Though the US Department of Commerce’s measure of all retail sales reported that September’s sales have risen by 2.4% year over year, Fitch expects that retail holiday sales will be up between 3.0%-4.0% compared with last year’s 4.1%.
Store closings have already been frequent so far this year, including names like The Gap, Family Dollar, Dollar Tree, Dollar General, Macy’s, Office Depot/Office Max, American Eagle, and Golf Galaxy.
Disappointing sales and/or pressure on labor costs due to minimum wage hikes (launched in the spring) could lead to additional store closings, particularly in underperforming locations in class B and C malls, according to Fitch.
Retail delinquencies are lagging the rest of the CMBS market, climbing 39 bps over the past 12 months compared to an overall 31 bps delinquency rate decline.

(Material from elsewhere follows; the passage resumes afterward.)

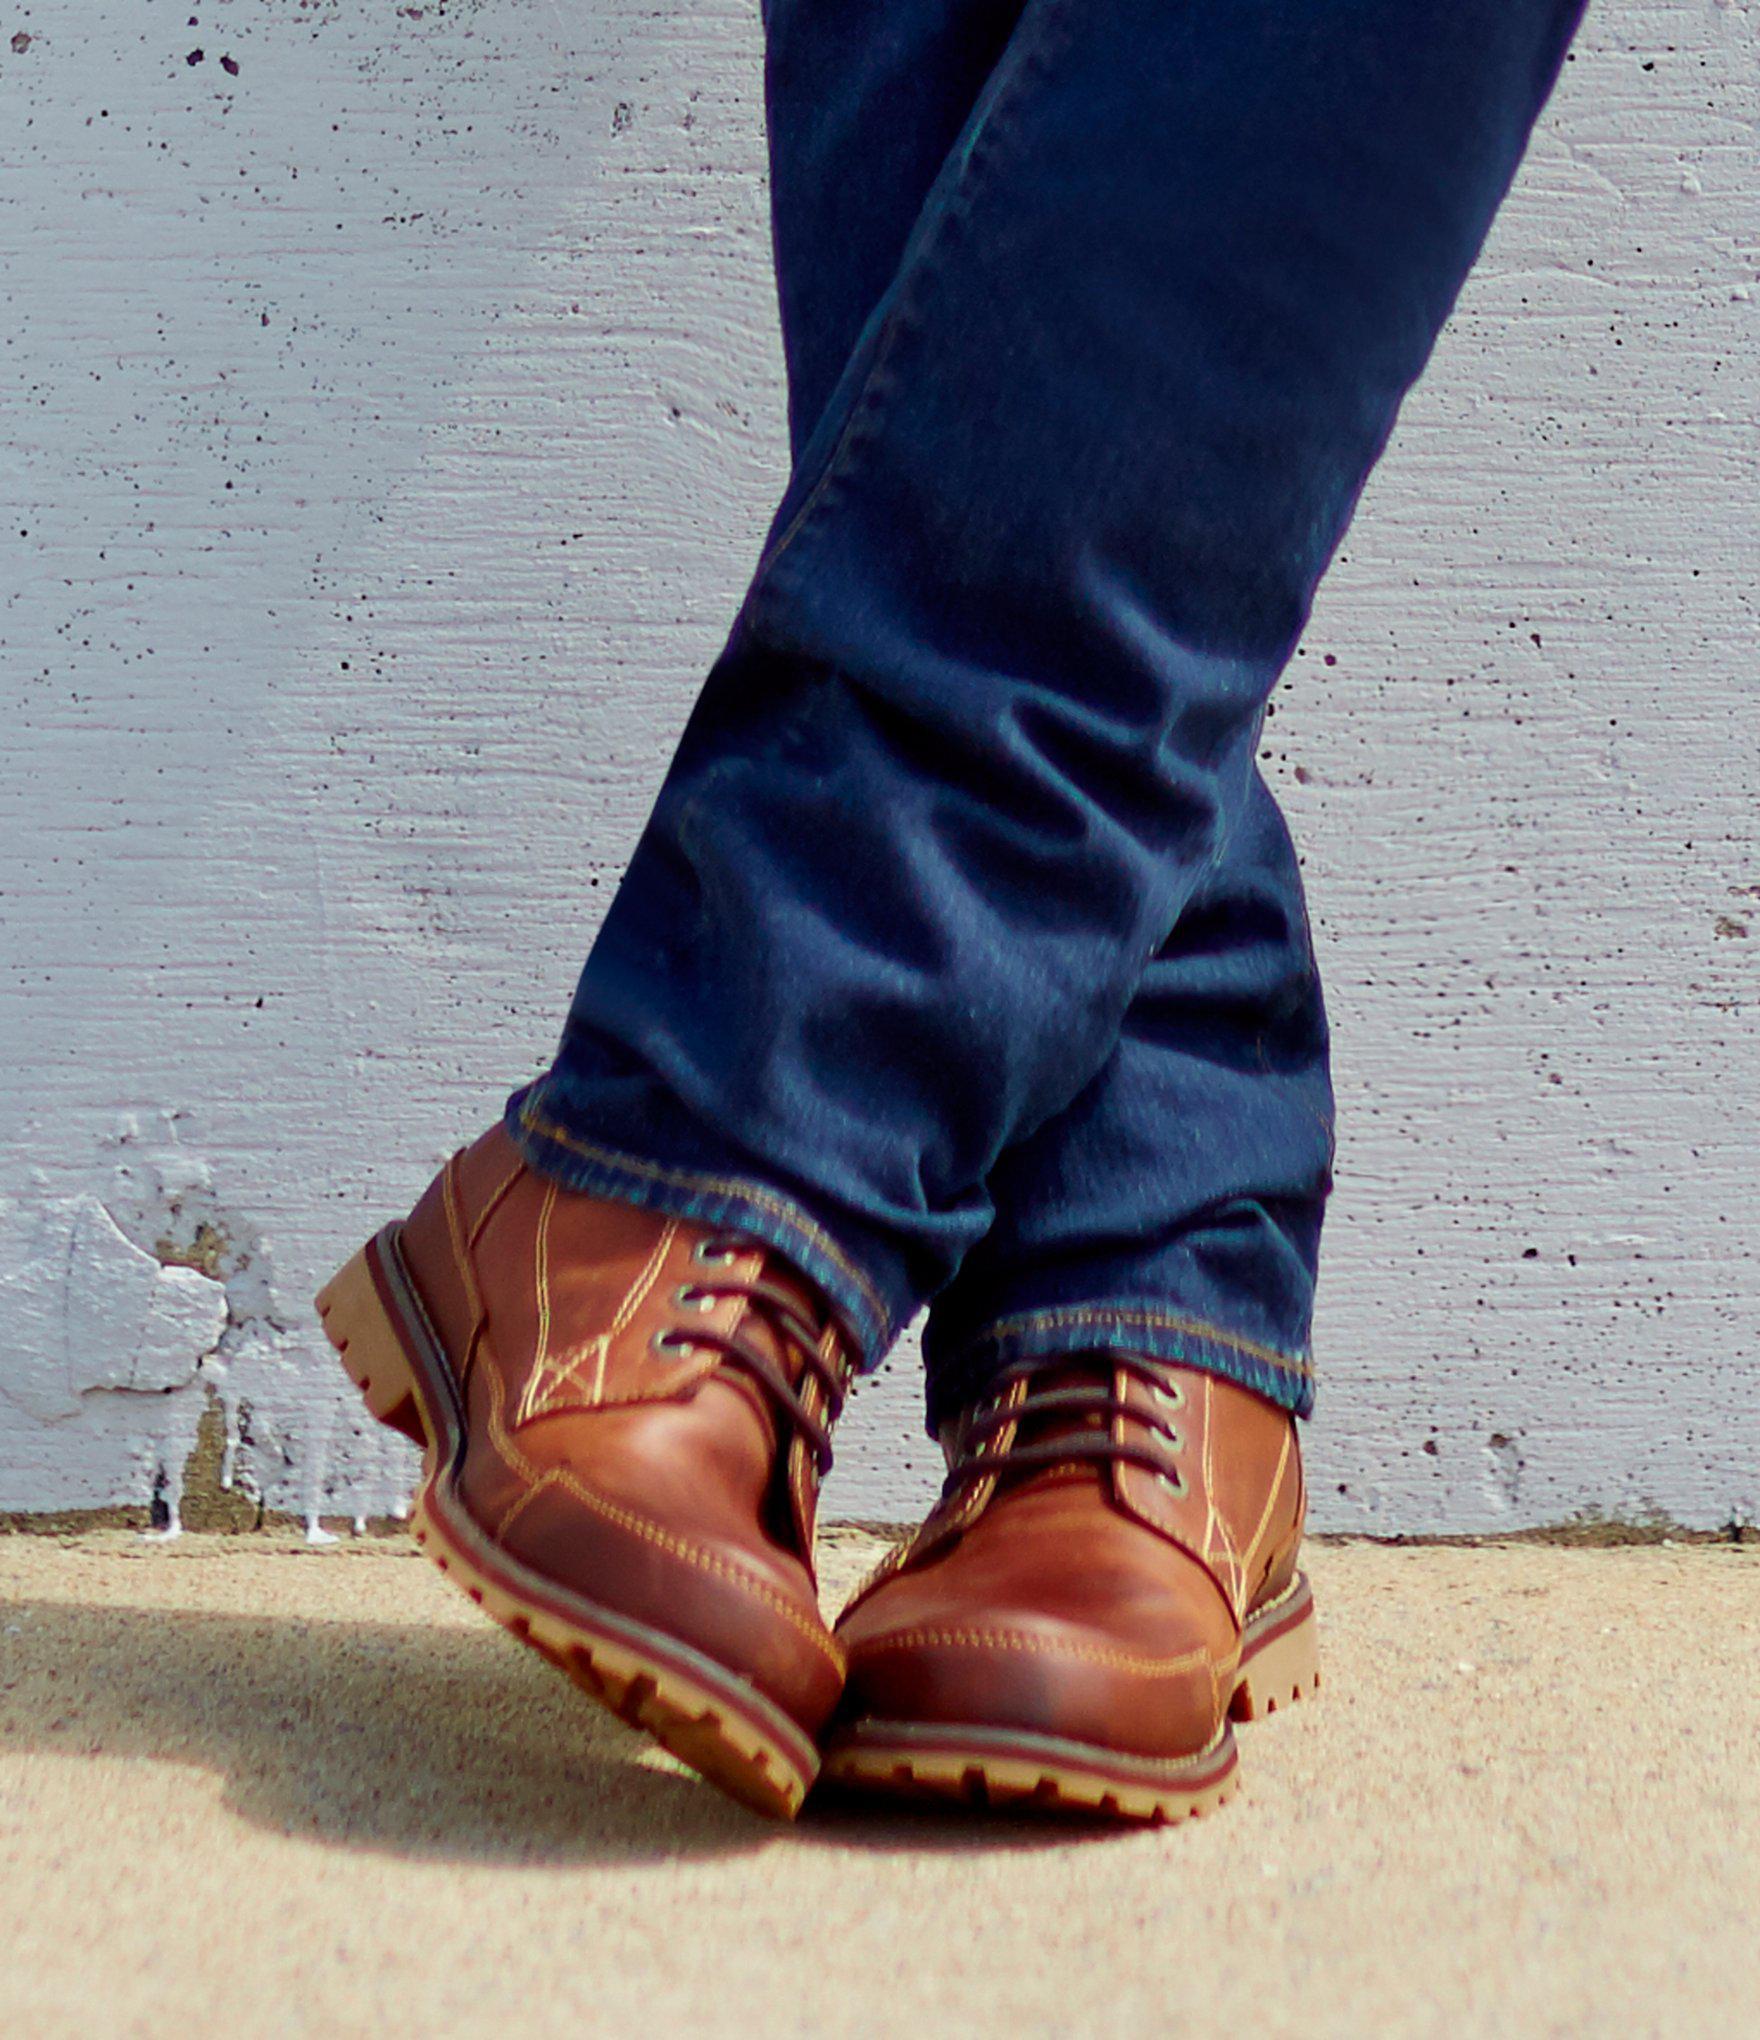 69284032c21 Men's Brown Earthkeeper Waterproof Leather Boots

Additionally, retail assets have been the slowest to refinance.
However, while 2Q15 CMBS retail vacancy declined to a new post-recession low, rents grew by a tepid 0.6%. And modest construction activity “will help support rental rates, as it will ensure that the amount of available mall space is prudent.”
The ratings agency noted earlier this year that retail loans falling into special servicing typically back malls in weaker secondary or tertiary markets, especially malls suffering from the departure of an anchor tenant.